Я вертела чашу между пальцами и наблюдала, как кружится последний глоток моей второй чашки золотисто-красной жидкости.

— Ну, я по-королевски облажалась.

Киони снова засмеялась, и через несколько секунд полог палатки отодвинулся в сторону, и смущенная Мандэй уставилась на два наших улыбающихся лица, ее непокорная челка, зачесанная набок, обрамляла ее маленькое личико.

— Я тебя повсюду ищу!

Я встала и вытянул ладонь перед собой.

— Просто, мне читают по ладони, — выпалила я, как будто меня поймали с тупым предметом между пальцами, как будто я делала что-то не так. Мандэй часто вызывала у меня такое чувство.

Взгляд Мандэй скользнул к Киони, и Киони подняла подбородок и посмотрела в ответ. — Мы все направляемся на игровую площадку Дьявола. Давай, Кейн ждет тебя.

— Гул, — пробормотала Киони, затем перевела взгляд на меня. — Не забудь, что я тебе сказала.

Отравленный сидр.

— Спасибо.

Группа из нас вошла через большие двойные двери Мэрии. Я была в западном крыле только на собрании, но большая комната превратилась в лабиринт зеркал, покрывающих потолок и стены. Мое отражение отражалось от каждого угла. Пол был глянцевым и цвета черной лакрицы. Дымовые аппараты дули изнутри, покрывая пол густыми мазками ползущего дыма.

Адора, с ее знойными губами, украшенными блестящей и коварной улыбкой, схватила Маверика за руку. Она скользнула взглядом по Кейну с поднятым и решительным подбородком, встретившись с ним глазами на долю секунды, прежде чем исчезнуть с Мавериком в лабиринте. Айви и Мандэй побежали в противоположном направлении, Фэйбл и Сайрус — в другом, все разошлись, оставив Кейна и меня стоять у входа.

— Хочешь поиграть? — спросил он, ничуть не смущенный тем, что Адора сбежала с Мавериком. Смех отражался от лабиринта зеркал на фоне басов навязчивой музыки, и отсюда отражения быстро перемещались, как будто тела проходили через стекло.

— Давай, я дам тебе фору.

Он улыбнулся мальчишеской улыбкой, но Кейн не очень хорошо рисовал свою целомудренную улыбку. Она оставалась кривой, нашептывающей непристойности.

Мои глаза метнулись обратно к головокружительному лабиринту, уже чувствуя, как у меня сжимается горло. Я покачала головой, делая шаг назад. В ловушке, в ловушке, в ловушке…

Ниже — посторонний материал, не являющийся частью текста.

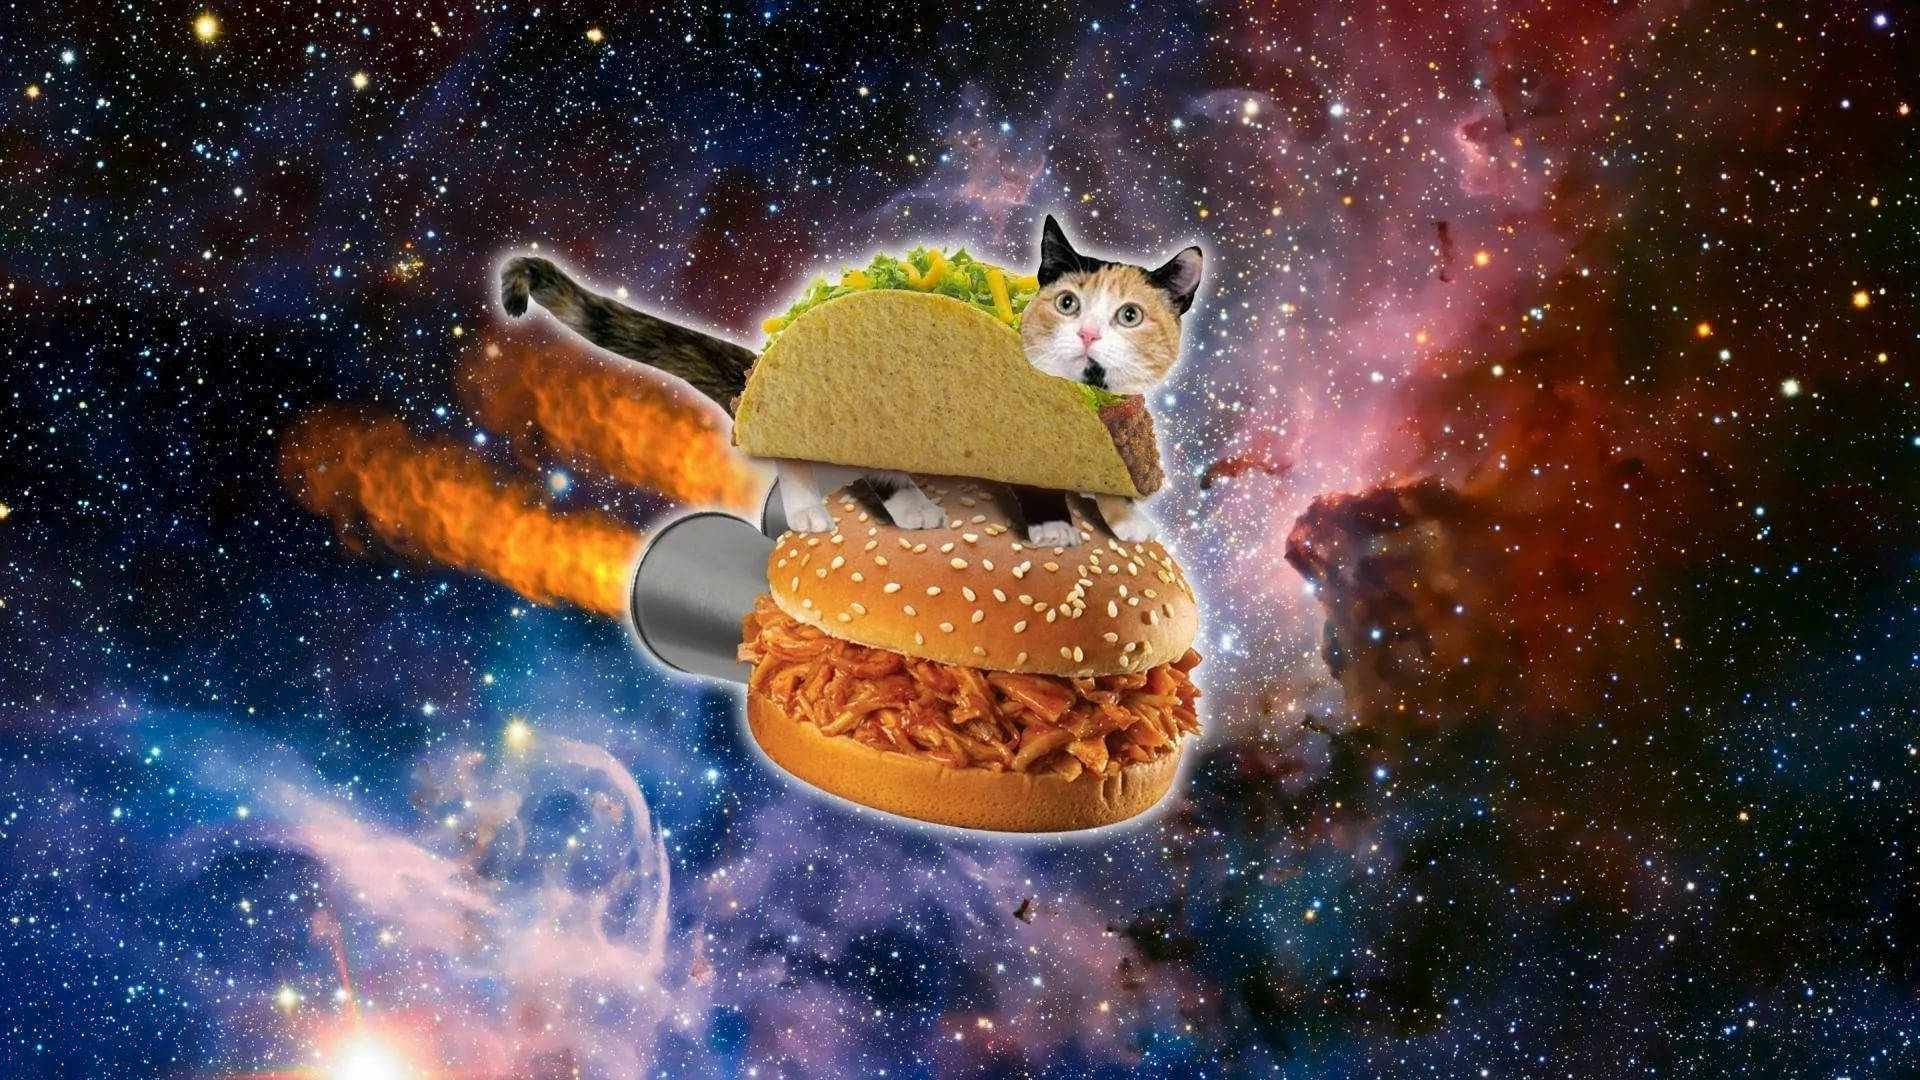 Taco cat riding a burger spaceship on outer space with his taco body, animal meme.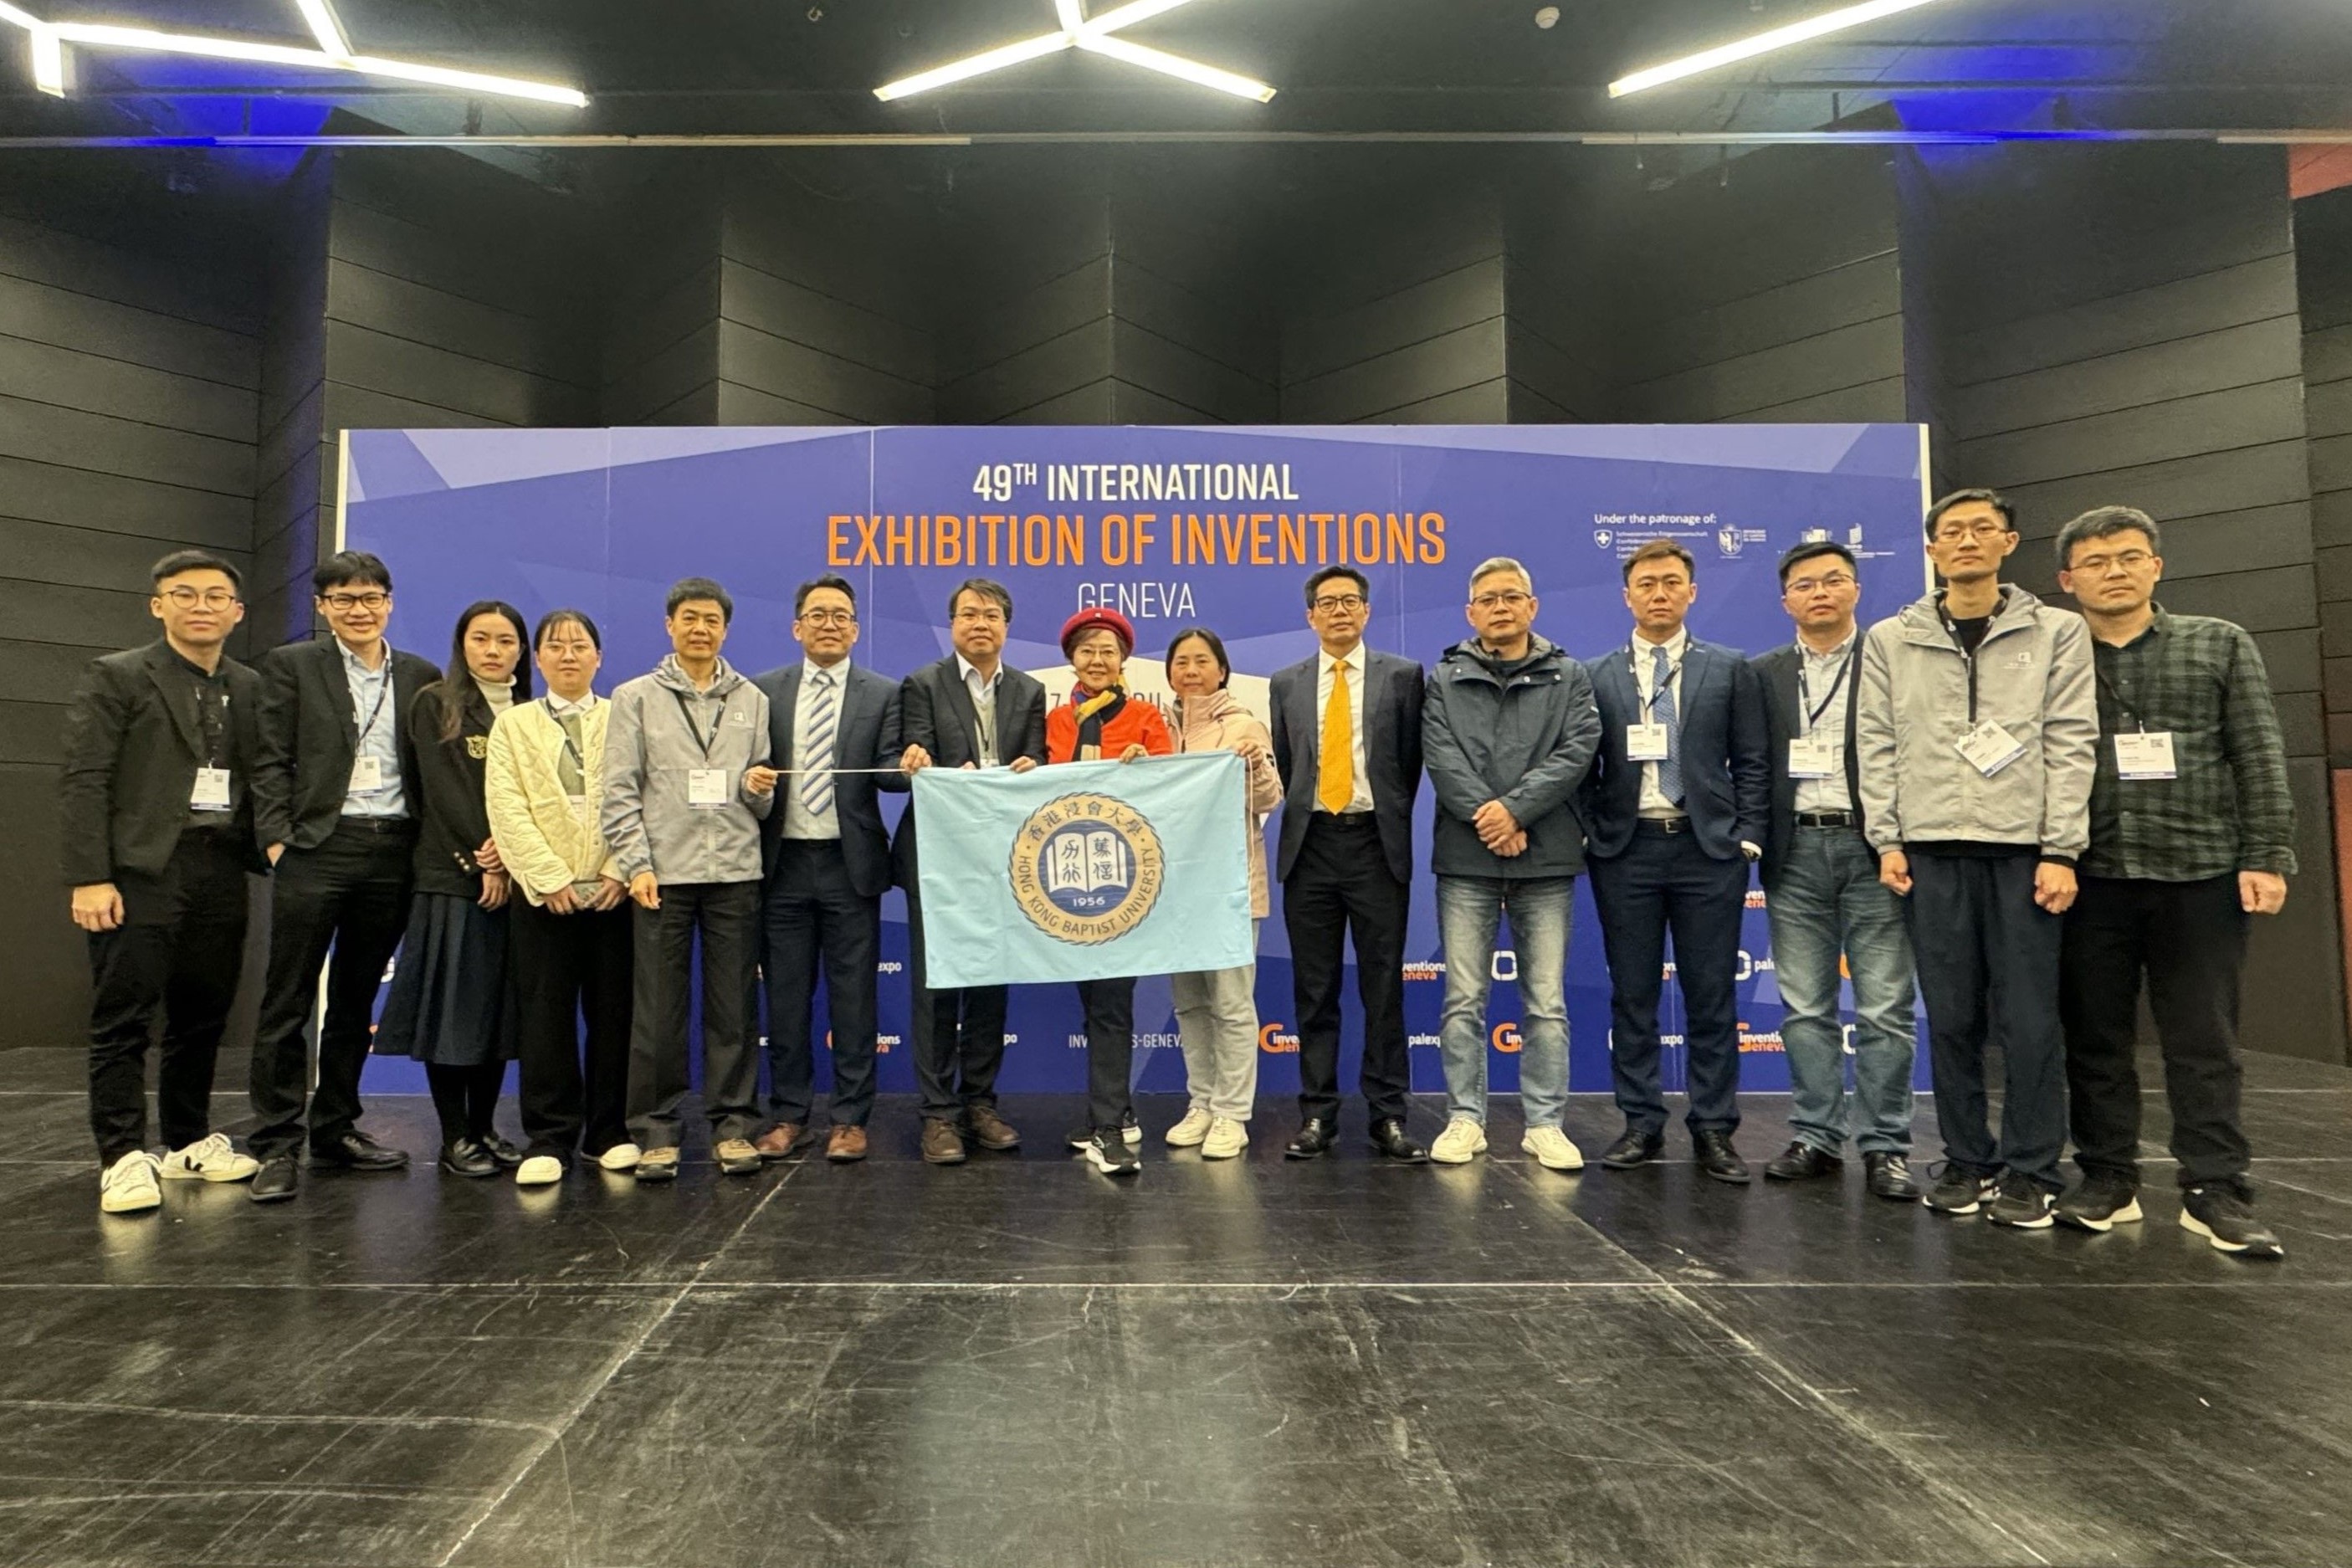 SCM scholars clinch five awards at Geneva International Exhibition of Inventions

Кейн произнес слова, настаивая, чтобы я присоединилась к нему, и взял обе мои руки в свои, когда звон в моих ушах стал громче. Он проигнорировал мое бормотание, отступая назад и таща меня все глубже в лабиринт. Я старалась не сводить с него глаз, моя маска словно давила мне на лицо. Мои шаги, мое дыхание, мой дрожащий пульс — все это казалось здесь тяжелее.

Когда мы завернули за угол, я оказалась лицом к лицу с самой собой. Черное кожаное платье, белые волосы, свисающие на бедра, испуганные бледно-голубые глаза, кричащие мне, чтобы я повернулась и убежала. Я резко переключила свое внимание обратно на Кейна, и его смех отскочил от стекла, как упругость. Почему он не мог видеть, как я была напугана?

— Иди и найди меня, — крикнул он, подняв руки по бокам и нагло улыбнувшись, затем побежал по лабиринту, оставив меня здесь одну.

Я побежала за ним, вытянув руки перед собой, видя только себя перед собой, слева, справа, позади себя. Я была повсюду. Мои шаги ускорились, я лихорадочно искала выход.

— Кейн! — крикнула я. Раздалось еще больше смеха, еще больше насмешек. Но песня, звучащая на игровой площадке Дьявола, заглушала все, голоса слышались только между ударами баса. Мое тело врезалось в зеркало, и я повернулась, прислонившись к нему спиной, закрыв глаза, пытаясь контролировать свое прерывистое дыхание.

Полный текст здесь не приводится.